■ Given entries:
----
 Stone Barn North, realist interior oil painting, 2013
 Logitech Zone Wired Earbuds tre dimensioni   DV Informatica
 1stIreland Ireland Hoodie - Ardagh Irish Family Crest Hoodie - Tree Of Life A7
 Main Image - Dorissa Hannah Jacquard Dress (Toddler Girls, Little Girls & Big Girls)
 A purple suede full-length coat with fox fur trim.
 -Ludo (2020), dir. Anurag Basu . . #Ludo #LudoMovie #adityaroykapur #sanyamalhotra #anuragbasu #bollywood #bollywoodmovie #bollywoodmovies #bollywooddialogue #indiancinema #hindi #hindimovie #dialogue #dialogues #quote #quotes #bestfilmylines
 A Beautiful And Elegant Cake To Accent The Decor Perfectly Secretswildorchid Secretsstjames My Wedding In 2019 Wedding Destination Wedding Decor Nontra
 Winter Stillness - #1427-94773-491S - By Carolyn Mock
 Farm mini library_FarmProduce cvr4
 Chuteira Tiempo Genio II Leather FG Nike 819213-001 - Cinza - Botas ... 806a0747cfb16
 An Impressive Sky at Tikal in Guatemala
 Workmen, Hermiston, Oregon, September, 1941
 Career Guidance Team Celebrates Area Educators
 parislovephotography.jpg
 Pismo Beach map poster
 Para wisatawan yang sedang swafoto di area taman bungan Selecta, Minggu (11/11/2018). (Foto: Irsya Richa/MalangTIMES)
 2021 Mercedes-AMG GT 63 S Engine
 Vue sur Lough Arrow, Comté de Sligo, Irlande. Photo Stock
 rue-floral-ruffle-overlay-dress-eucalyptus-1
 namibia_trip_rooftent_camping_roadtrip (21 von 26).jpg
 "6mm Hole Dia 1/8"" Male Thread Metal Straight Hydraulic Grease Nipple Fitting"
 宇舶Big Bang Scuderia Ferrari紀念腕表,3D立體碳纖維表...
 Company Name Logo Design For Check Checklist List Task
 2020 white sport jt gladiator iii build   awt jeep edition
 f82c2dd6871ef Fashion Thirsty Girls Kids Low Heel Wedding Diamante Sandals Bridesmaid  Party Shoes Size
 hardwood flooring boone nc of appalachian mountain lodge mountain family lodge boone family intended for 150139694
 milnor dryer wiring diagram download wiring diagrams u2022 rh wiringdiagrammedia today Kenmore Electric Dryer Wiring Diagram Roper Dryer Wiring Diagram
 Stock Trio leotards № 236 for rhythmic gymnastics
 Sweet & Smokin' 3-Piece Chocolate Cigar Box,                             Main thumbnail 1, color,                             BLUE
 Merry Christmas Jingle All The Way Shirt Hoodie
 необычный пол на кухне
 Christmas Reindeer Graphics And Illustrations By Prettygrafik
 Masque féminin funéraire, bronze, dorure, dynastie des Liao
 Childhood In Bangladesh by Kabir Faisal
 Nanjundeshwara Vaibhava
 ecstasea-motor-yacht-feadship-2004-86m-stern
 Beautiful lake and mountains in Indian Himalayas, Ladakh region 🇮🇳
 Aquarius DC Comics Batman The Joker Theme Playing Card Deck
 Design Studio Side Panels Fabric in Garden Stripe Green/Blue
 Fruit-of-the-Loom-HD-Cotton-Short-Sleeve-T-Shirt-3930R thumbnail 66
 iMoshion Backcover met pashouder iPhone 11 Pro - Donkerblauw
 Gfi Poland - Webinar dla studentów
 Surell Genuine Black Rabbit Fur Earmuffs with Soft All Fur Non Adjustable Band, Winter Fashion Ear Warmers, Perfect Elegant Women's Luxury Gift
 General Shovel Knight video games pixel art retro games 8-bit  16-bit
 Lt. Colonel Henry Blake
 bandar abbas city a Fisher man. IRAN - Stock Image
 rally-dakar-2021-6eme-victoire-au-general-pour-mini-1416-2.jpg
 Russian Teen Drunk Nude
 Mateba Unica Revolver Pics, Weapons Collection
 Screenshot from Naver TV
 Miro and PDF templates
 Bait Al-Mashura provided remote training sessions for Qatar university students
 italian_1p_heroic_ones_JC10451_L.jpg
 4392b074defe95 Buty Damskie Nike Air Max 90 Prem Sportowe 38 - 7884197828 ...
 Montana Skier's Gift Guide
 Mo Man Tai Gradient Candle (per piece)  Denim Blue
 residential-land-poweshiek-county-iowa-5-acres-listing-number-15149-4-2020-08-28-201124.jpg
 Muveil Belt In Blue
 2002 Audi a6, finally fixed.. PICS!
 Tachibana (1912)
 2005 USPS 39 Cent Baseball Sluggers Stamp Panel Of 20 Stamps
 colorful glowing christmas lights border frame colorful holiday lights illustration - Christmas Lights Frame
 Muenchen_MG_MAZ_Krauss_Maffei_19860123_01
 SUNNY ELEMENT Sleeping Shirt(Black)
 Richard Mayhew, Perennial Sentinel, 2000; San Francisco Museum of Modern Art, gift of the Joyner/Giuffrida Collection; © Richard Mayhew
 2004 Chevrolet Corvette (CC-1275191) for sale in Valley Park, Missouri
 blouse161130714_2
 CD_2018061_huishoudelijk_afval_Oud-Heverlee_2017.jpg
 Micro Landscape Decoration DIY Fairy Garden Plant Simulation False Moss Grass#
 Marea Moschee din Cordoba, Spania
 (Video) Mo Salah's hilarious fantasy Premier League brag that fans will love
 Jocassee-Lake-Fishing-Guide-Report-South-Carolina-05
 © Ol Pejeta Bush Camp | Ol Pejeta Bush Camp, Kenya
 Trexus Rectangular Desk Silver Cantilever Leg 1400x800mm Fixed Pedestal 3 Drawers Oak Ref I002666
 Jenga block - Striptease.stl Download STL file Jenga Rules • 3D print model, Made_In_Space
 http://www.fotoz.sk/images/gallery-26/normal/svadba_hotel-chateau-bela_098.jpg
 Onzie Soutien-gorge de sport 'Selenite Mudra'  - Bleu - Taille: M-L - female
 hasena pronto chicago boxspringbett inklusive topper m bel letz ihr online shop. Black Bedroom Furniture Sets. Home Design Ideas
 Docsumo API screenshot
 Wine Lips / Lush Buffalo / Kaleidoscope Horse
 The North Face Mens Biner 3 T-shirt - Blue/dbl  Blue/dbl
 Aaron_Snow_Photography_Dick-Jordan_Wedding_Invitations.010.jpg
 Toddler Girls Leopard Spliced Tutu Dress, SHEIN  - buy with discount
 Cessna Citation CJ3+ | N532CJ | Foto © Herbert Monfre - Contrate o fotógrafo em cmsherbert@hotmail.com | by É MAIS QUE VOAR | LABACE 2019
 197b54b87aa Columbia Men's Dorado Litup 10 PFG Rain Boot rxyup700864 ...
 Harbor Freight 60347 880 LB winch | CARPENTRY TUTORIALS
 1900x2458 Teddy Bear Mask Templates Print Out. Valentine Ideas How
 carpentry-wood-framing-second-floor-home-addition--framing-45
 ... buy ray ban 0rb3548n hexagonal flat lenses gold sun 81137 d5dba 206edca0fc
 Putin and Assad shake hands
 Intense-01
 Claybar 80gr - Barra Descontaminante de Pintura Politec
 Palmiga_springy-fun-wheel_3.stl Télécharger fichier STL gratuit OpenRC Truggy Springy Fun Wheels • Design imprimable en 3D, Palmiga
----
■ What needs to be done: Transcribe the records in full, keeping every character as it is.

■ Exercise solution:
 Stone Barn North, realist interior oil painting, 2013
 Logitech Zone Wired Earbuds tre dimensioni   DV Informatica
 1stIreland Ireland Hoodie - Ardagh Irish Family Crest Hoodie - Tree Of Life A7
 Main Image - Dorissa Hannah Jacquard Dress (Toddler Girls, Little Girls & Big Girls)
 A purple suede full-length coat with fox fur trim.
 -Ludo (2020), dir. Anurag Basu . . #Ludo #LudoMovie #adityaroykapur #sanyamalhotra #anuragbasu #bollywood #bollywoodmovie #bollywoodmovies #bollywooddialogue #indiancinema #hindi #hindimovie #dialogue #dialogues #quote #quotes #bestfilmylines
 A Beautiful And Elegant Cake To Accent The Decor Perfectly Secretswildorchid Secretsstjames My Wedding In 2019 Wedding Destination Wedding Decor Nontra
 Winter Stillness - #1427-94773-491S - By Carolyn Mock
 Farm mini library_FarmProduce cvr4
 Chuteira Tiempo Genio II Leather FG Nike 819213-001 - Cinza - Botas ... 806a0747cfb16
 An Impressive Sky at Tikal in Guatemala
 Workmen, Hermiston, Oregon, September, 1941
 Career Guidance Team Celebrates Area Educators
 parislovephotography.jpg
 Pismo Beach map poster
 Para wisatawan yang sedang swafoto di area taman bungan Selecta, Minggu (11/11/2018). (Foto: Irsya Richa/MalangTIMES)
 2021 Mercedes-AMG GT 63 S Engine
 Vue sur Lough Arrow, Comté de Sligo, Irlande. Photo Stock
 rue-floral-ruffle-overlay-dress-eucalyptus-1
 namibia_trip_rooftent_camping_roadtrip (21 von 26).jpg
 "6mm Hole Dia 1/8"" Male Thread Metal Straight Hydraulic Grease Nipple Fitting"
 宇舶Big Bang Scuderia Ferrari紀念腕表,3D立體碳纖維表...
 Company Name Logo Design For Check Checklist List Task
 2020 white sport jt gladiator iii build   awt jeep edition
 f82c2dd6871ef Fashion Thirsty Girls Kids Low Heel Wedding Diamante Sandals Bridesmaid  Party Shoes Size
 hardwood flooring boone nc of appalachian mountain lodge mountain family lodge boone family intended for 150139694
 milnor dryer wiring diagram download wiring diagrams u2022 rh wiringdiagrammedia today Kenmore Electric Dryer Wiring Diagram Roper Dryer Wiring Diagram
 Stock Trio leotards № 236 for rhythmic gymnastics
 Sweet & Smokin' 3-Piece Chocolate Cigar Box,                             Main thumbnail 1, color,                             BLUE
 Merry Christmas Jingle All The Way Shirt Hoodie
 необычный пол на кухне
 Christmas Reindeer Graphics And Illustrations By Prettygrafik
 Masque féminin funéraire, bronze, dorure, dynastie des Liao
 Childhood In Bangladesh by Kabir Faisal
 Nanjundeshwara Vaibhava
 ecstasea-motor-yacht-feadship-2004-86m-stern
 Beautiful lake and mountains in Indian Himalayas, Ladakh region 🇮🇳
 Aquarius DC Comics Batman The Joker Theme Playing Card Deck
 Design Studio Side Panels Fabric in Garden Stripe Green/Blue
 Fruit-of-the-Loom-HD-Cotton-Short-Sleeve-T-Shirt-3930R thumbnail 66
 iMoshion Backcover met pashouder iPhone 11 Pro - Donkerblauw
 Gfi Poland - Webinar dla studentów
 Surell Genuine Black Rabbit Fur Earmuffs with Soft All Fur Non Adjustable Band, Winter Fashion Ear Warmers, Perfect Elegant Women's Luxury Gift
 General Shovel Knight video games pixel art retro games 8-bit  16-bit
 Lt. Colonel Henry Blake
 bandar abbas city a Fisher man. IRAN - Stock Image
 rally-dakar-2021-6eme-victoire-au-general-pour-mini-1416-2.jpg
 Russian Teen Drunk Nude
 Mateba Unica Revolver Pics, Weapons Collection
 Screenshot from Naver TV
 Miro and PDF templates
 Bait Al-Mashura provided remote training sessions for Qatar university students
 italian_1p_heroic_ones_JC10451_L.jpg
 4392b074defe95 Buty Damskie Nike Air Max 90 Prem Sportowe 38 - 7884197828 ...
 Montana Skier's Gift Guide
 Mo Man Tai Gradient Candle (per piece)  Denim Blue
 residential-land-poweshiek-county-iowa-5-acres-listing-number-15149-4-2020-08-28-201124.jpg
 Muveil Belt In Blue
 2002 Audi a6, finally fixed.. PICS!
 Tachibana (1912)
 2005 USPS 39 Cent Baseball Sluggers Stamp Panel Of 20 Stamps
 colorful glowing christmas lights border frame colorful holiday lights illustration - Christmas Lights Frame
 Muenchen_MG_MAZ_Krauss_Maffei_19860123_01
 SUNNY ELEMENT Sleeping Shirt(Black)
 Richard Mayhew, Perennial Sentinel, 2000; San Francisco Museum of Modern Art, gift of the Joyner/Giuffrida Collection; © Richard Mayhew
 2004 Chevrolet Corvette (CC-1275191) for sale in Valley Park, Missouri
 blouse161130714_2
 CD_2018061_huishoudelijk_afval_Oud-Heverlee_2017.jpg
 Micro Landscape Decoration DIY Fairy Garden Plant Simulation False Moss Grass#
 Marea Moschee din Cordoba, Spania
 (Video) Mo Salah's hilarious fantasy Premier League brag that fans will love
 Jocassee-Lake-Fishing-Guide-Report-South-Carolina-05
 © Ol Pejeta Bush Camp | Ol Pejeta Bush Camp, Kenya
 Trexus Rectangular Desk Silver Cantilever Leg 1400x800mm Fixed Pedestal 3 Drawers Oak Ref I002666
 Jenga block - Striptease.stl Download STL file Jenga Rules • 3D print model, Made_In_Space
 http://www.fotoz.sk/images/gallery-26/normal/svadba_hotel-chateau-bela_098.jpg
 Onzie Soutien-gorge de sport 'Selenite Mudra'  - Bleu - Taille: M-L - female
 hasena pronto chicago boxspringbett inklusive topper m bel letz ihr online shop. Black Bedroom Furniture Sets. Home Design Ideas
 Docsumo API screenshot
 Wine Lips / Lush Buffalo / Kaleidoscope Horse
 The North Face Mens Biner 3 T-shirt - Blue/dbl  Blue/dbl
 Aaron_Snow_Photography_Dick-Jordan_Wedding_Invitations.010.jpg
 Toddler Girls Leopard Spliced Tutu Dress, SHEIN  - buy with discount
 Cessna Citation CJ3+ | N532CJ | Foto © Herbert Monfre - Contrate o fotógrafo em cmsherbert@hotmail.com | by É MAIS QUE VOAR | LABACE 2019
 197b54b87aa Columbia Men's Dorado Litup 10 PFG Rain Boot rxyup700864 ...
 Harbor Freight 60347 880 LB winch | CARPENTRY TUTORIALS
 1900x2458 Teddy Bear Mask Templates Print Out. Valentine Ideas How
 carpentry-wood-framing-second-floor-home-addition--framing-45
 ... buy ray ban 0rb3548n hexagonal flat lenses gold sun 81137 d5dba 206edca0fc
 Putin and Assad shake hands
 Intense-01
 Claybar 80gr - Barra Descontaminante de Pintura Politec
 Palmiga_springy-fun-wheel_3.stl Télécharger fichier STL gratuit OpenRC Truggy Springy Fun Wheels • Design imprimable en 3D, Palmiga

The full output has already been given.